Determinant of a Toeplitz integer sequence

Question

I have a conjecture that

$$\det \mathrm{Toep}(0,\dots,N)= (-1)^N N2^{N-1},$$

where $\mathrm{Toep}(0,\dots,N)$ is the symmetric Toeplitz matrix with first column is equal to $(0,\dots,N)$.

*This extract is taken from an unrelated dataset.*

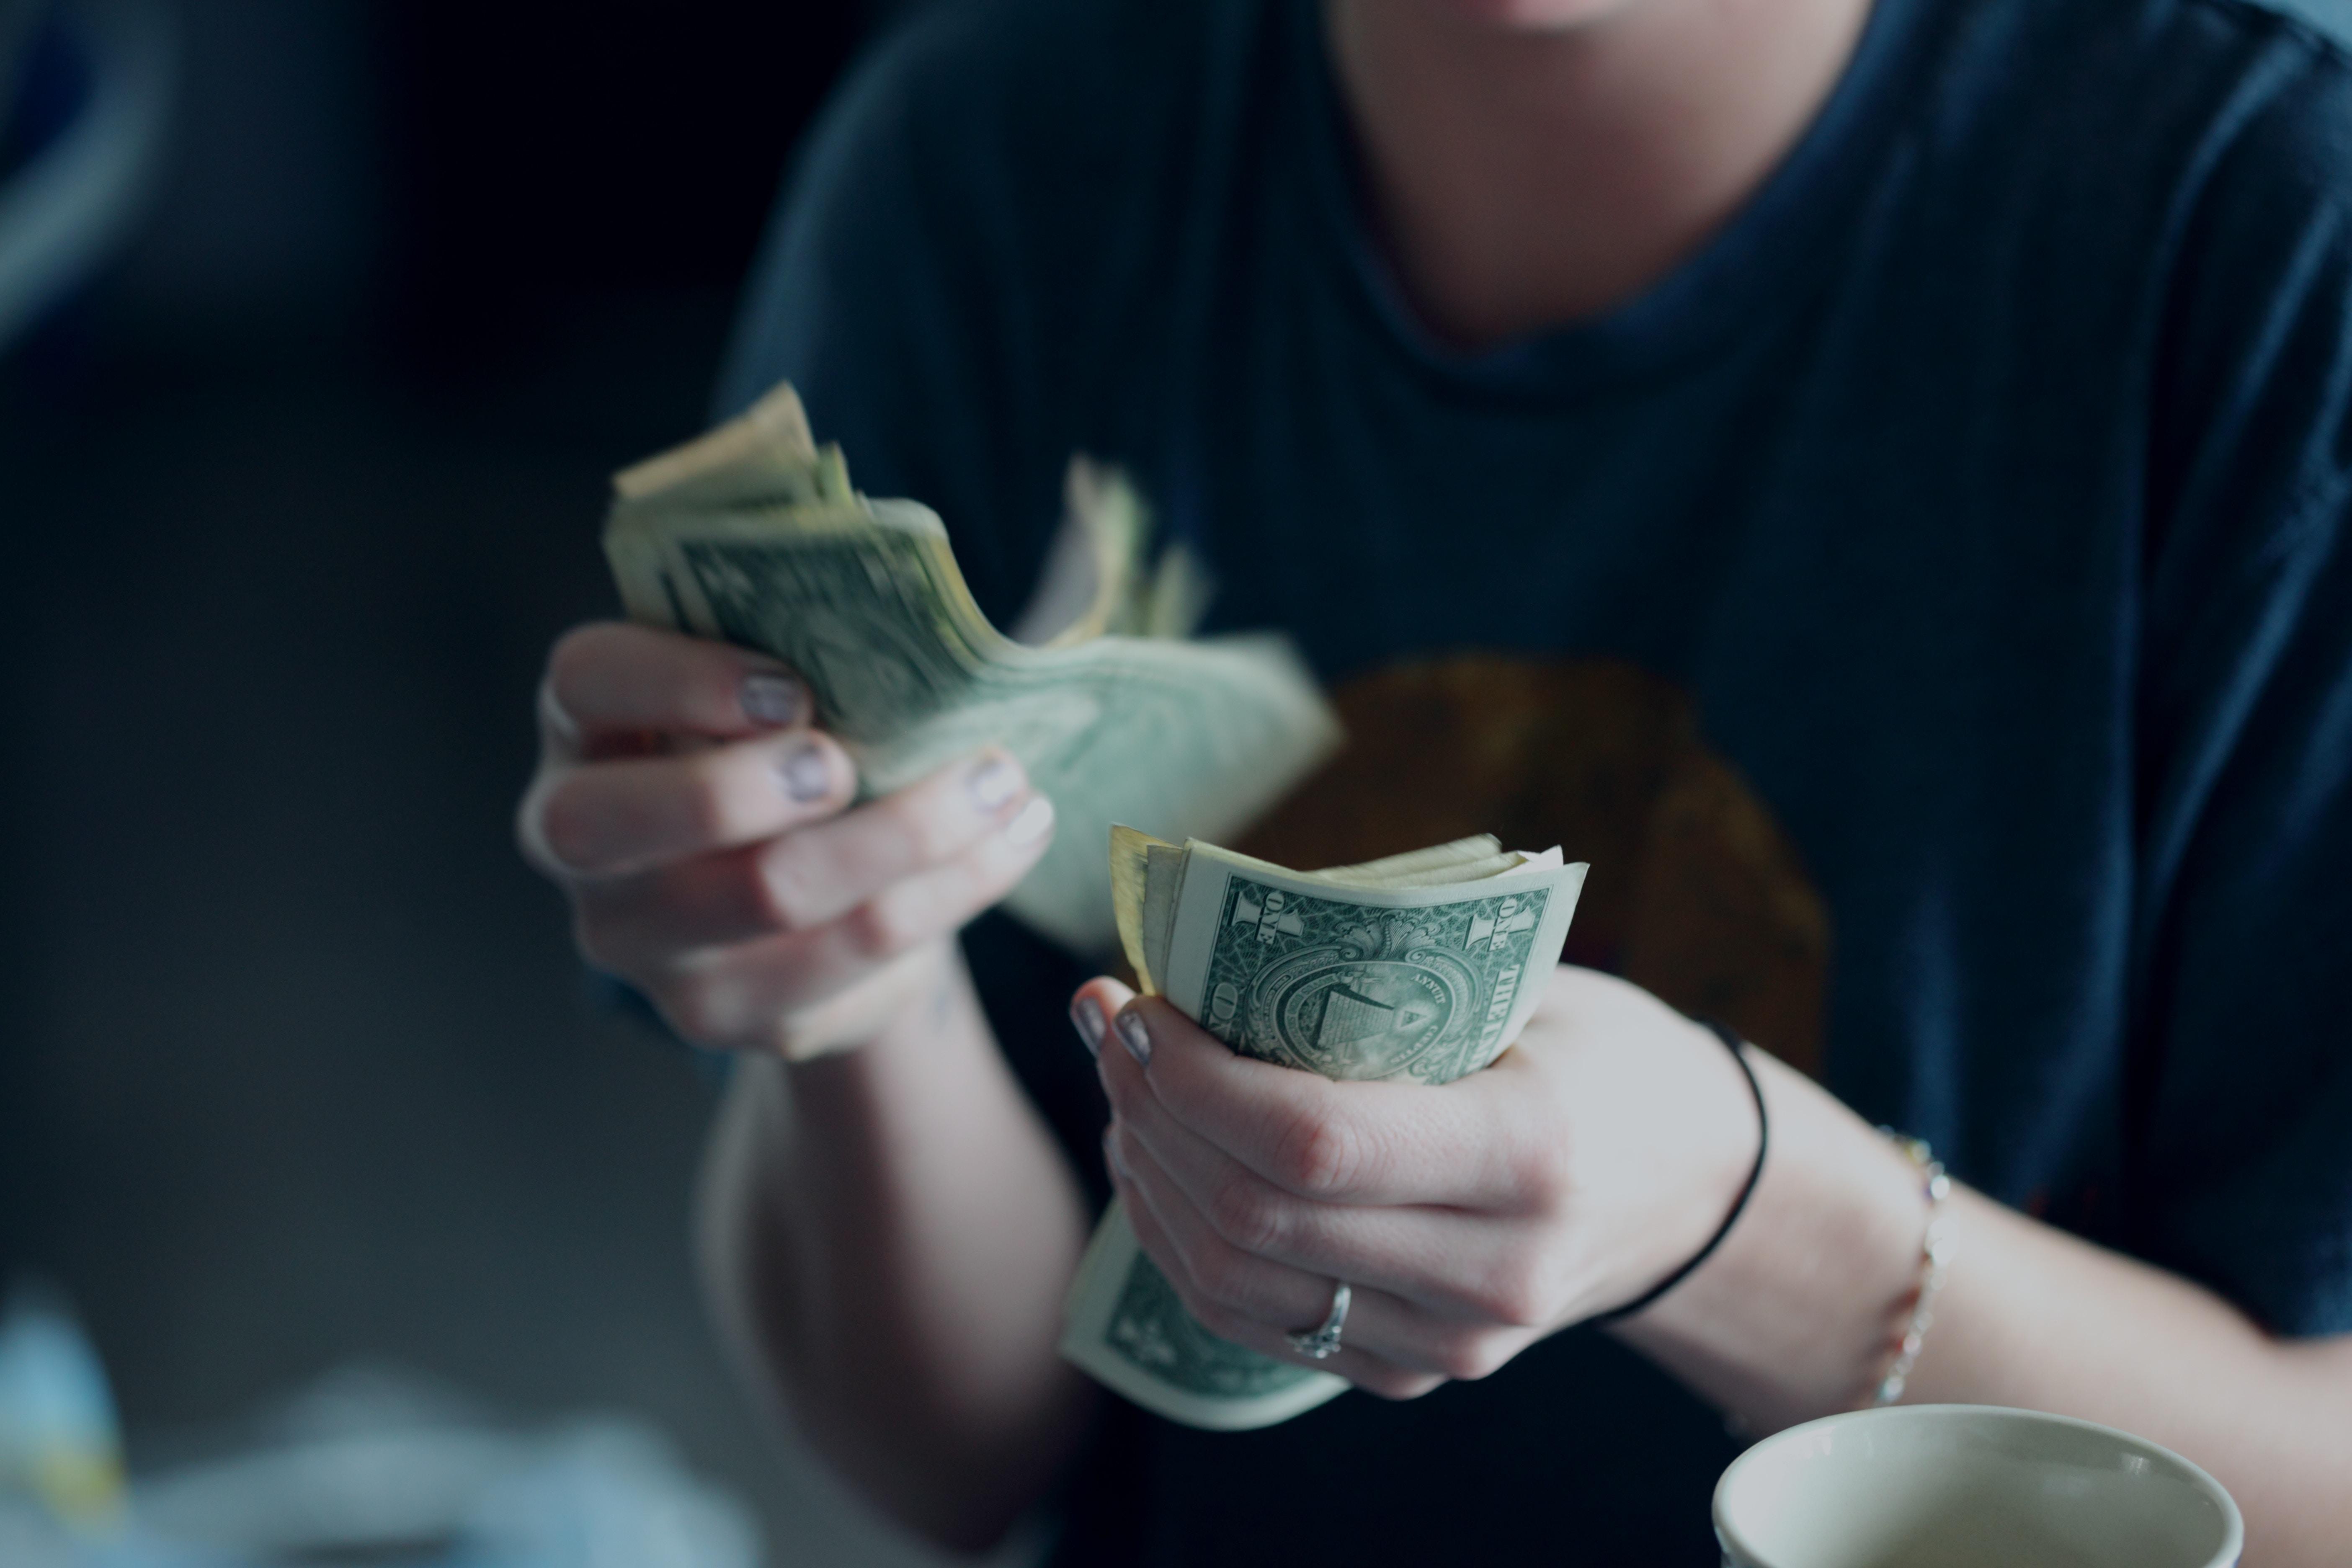 cum să faci bani trăind în casa ta)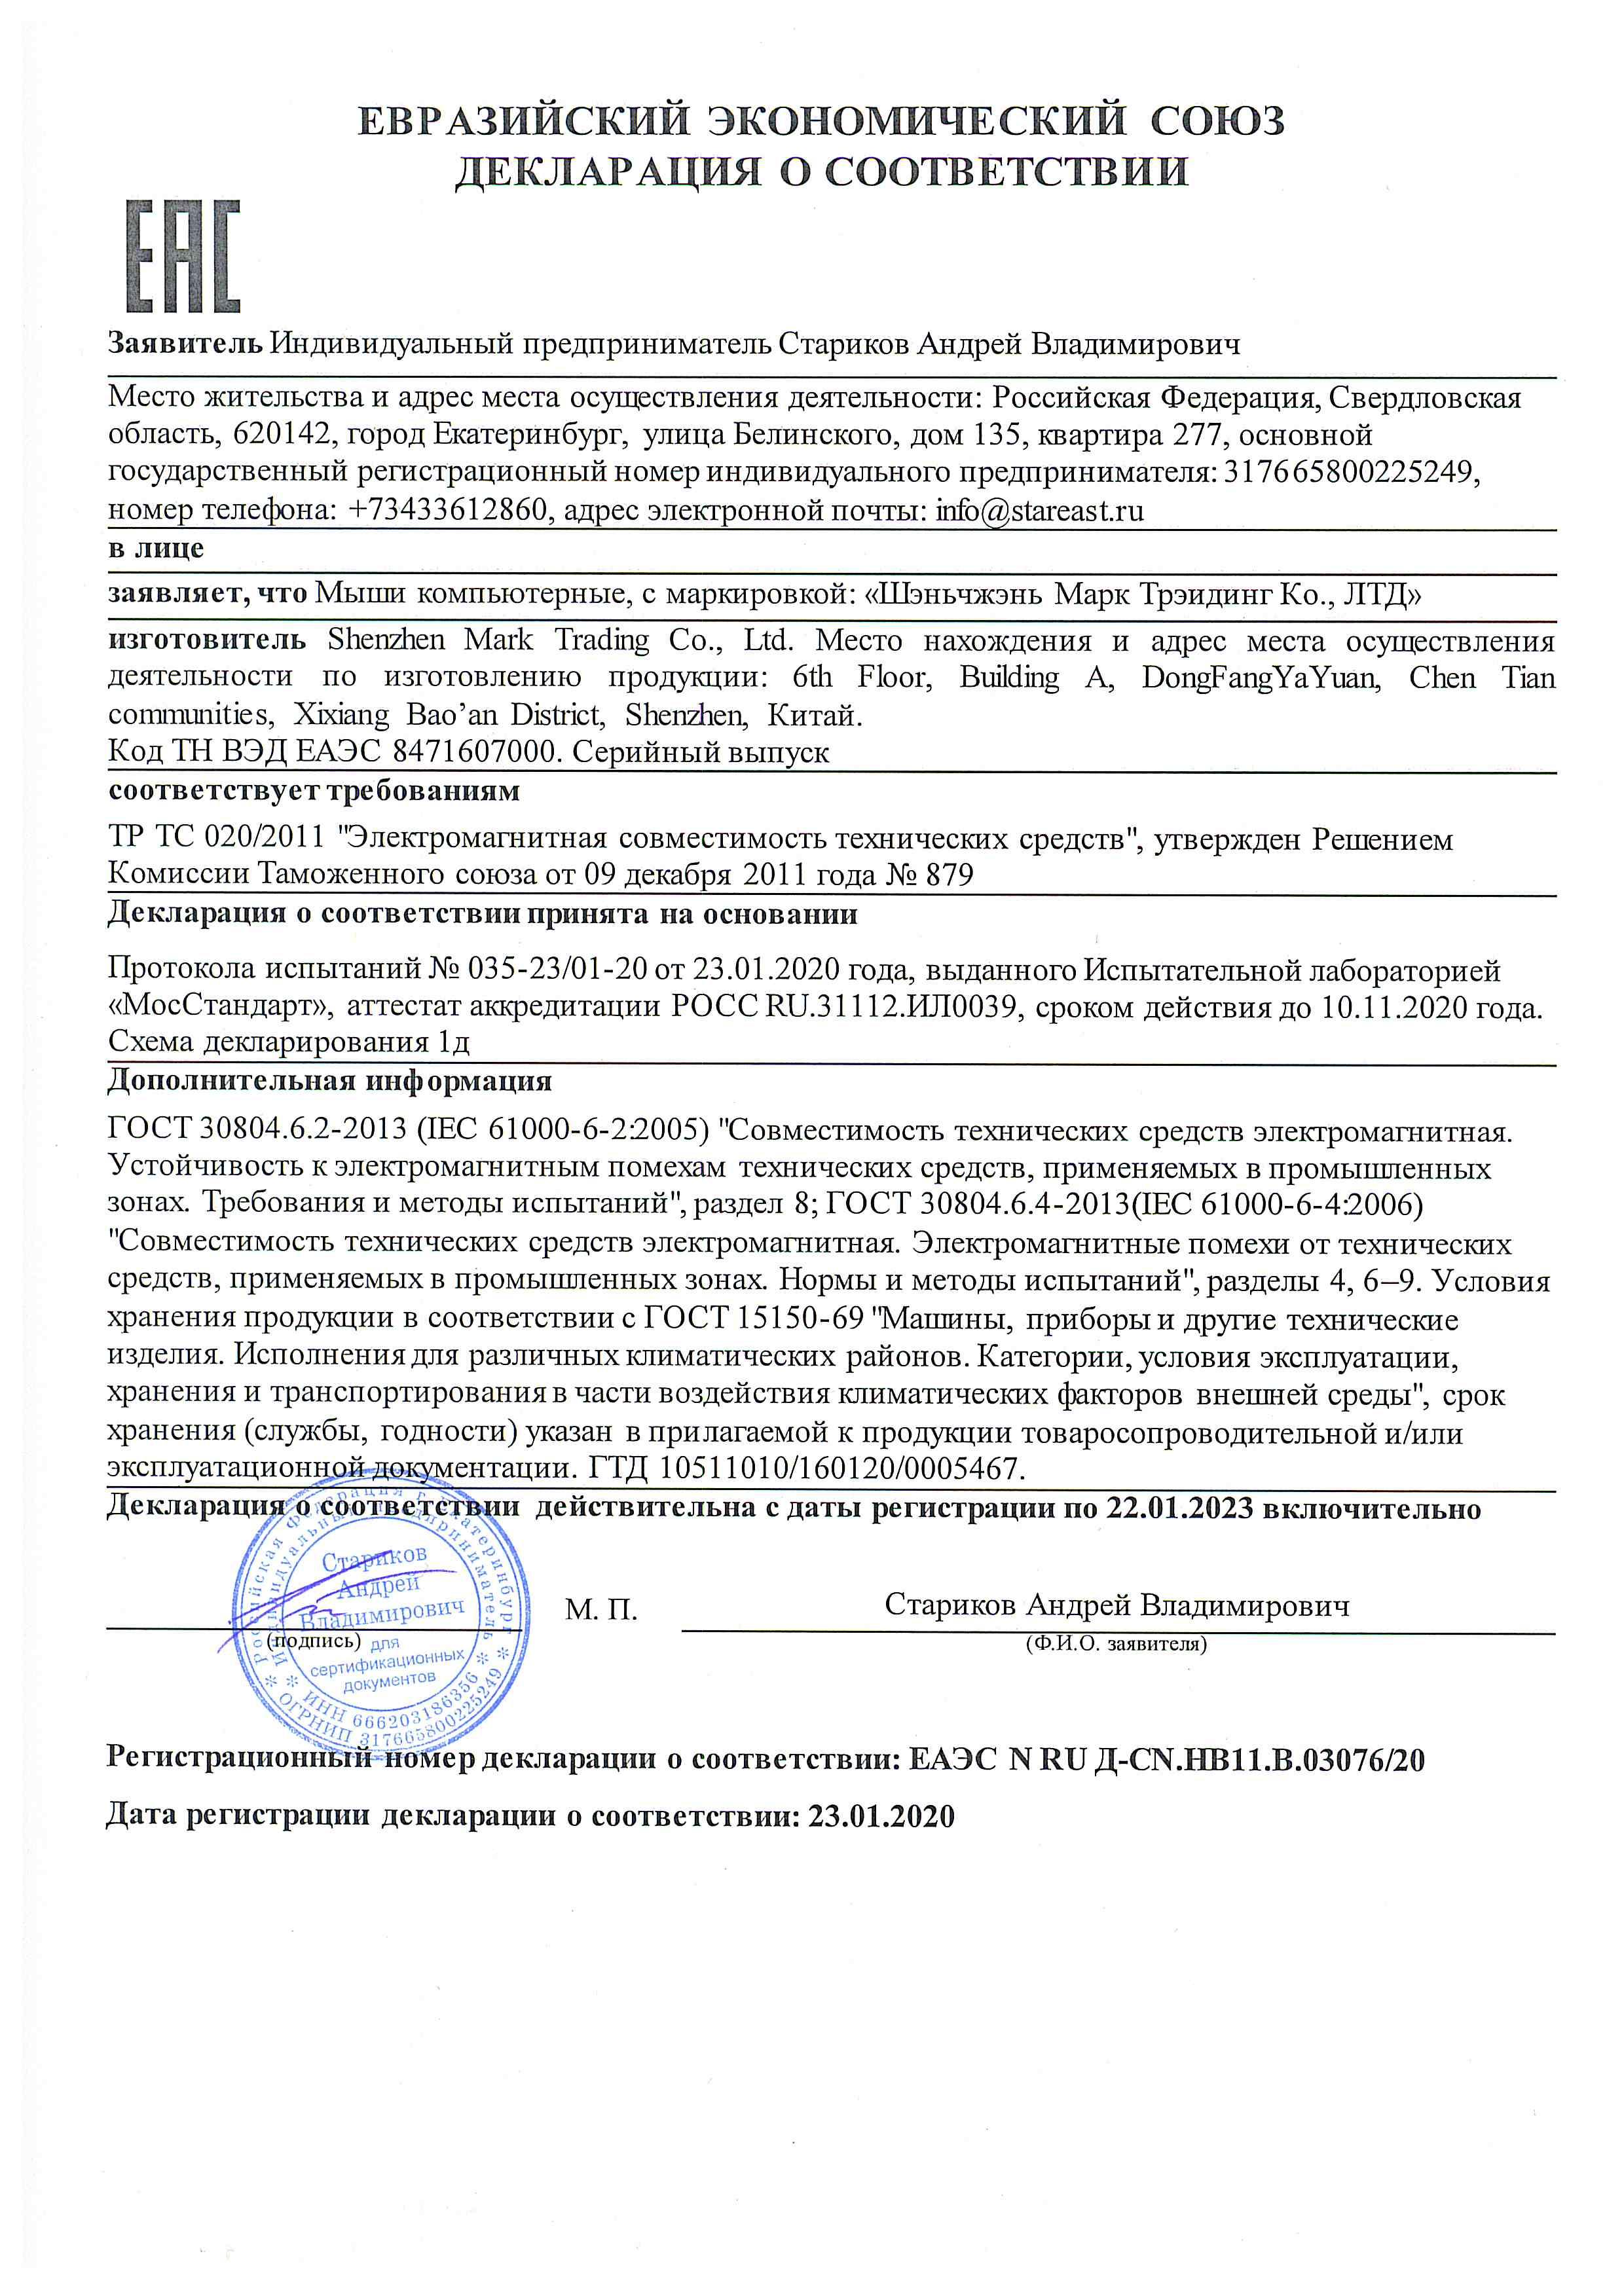 RUD-CN.NV11.V.03076_20.jpg

Does anyone have an idea about how to prove that?

Answer 1

One possible way is by using Schur's complement in the first $N$ rows and then induction. $N = 2$ is easily verifiable. Now let $A_N$ be your matrix, given $N$. Then $A_{N-1}$ is precisely the $N \times N$ sub matrix of $A_N$ formed by the first $N$ rows and $N$ columns . Schur's complement tells us that:

$$\det A_N = \det A_{N-1} \det(- v A_{N-1}^{-1} v^t) = (-1) v A_{N-1}^{-1} v^t \det A_{N-1} $$ where $v = (N,N-1,\ldots,1)$ is the last row of $A_N$, excluding the zero. Now to calculate $A_{N-1}^{-1} v^t$ let us do a trick. If $A_{N-1}^{-1} v^t = x^t$, then $x^t$ is the solution to the linear system $A_{N-1} x^t = v^t$. Since the first and last elements of each row of $A_{N-1}$ add to $N-1$, it is not hard to see that $$x = \left(\frac{1}{N-1},0,0,\ldots,0,\frac{N}{N-1}\right)$$ does the job, therefore $v A_{N-1}^{-1} v^t = 2N/N-1$. Supposing that your conjecture is valid until $N-1$ then $$\det A_N = (-1) v A_{N-1}^{-1} v^t \det A_{N-1} = (-1) \frac{2N}{N-1} (-1)^{N-1} (N-1) 2^{N-2},$$ which is the desired formula.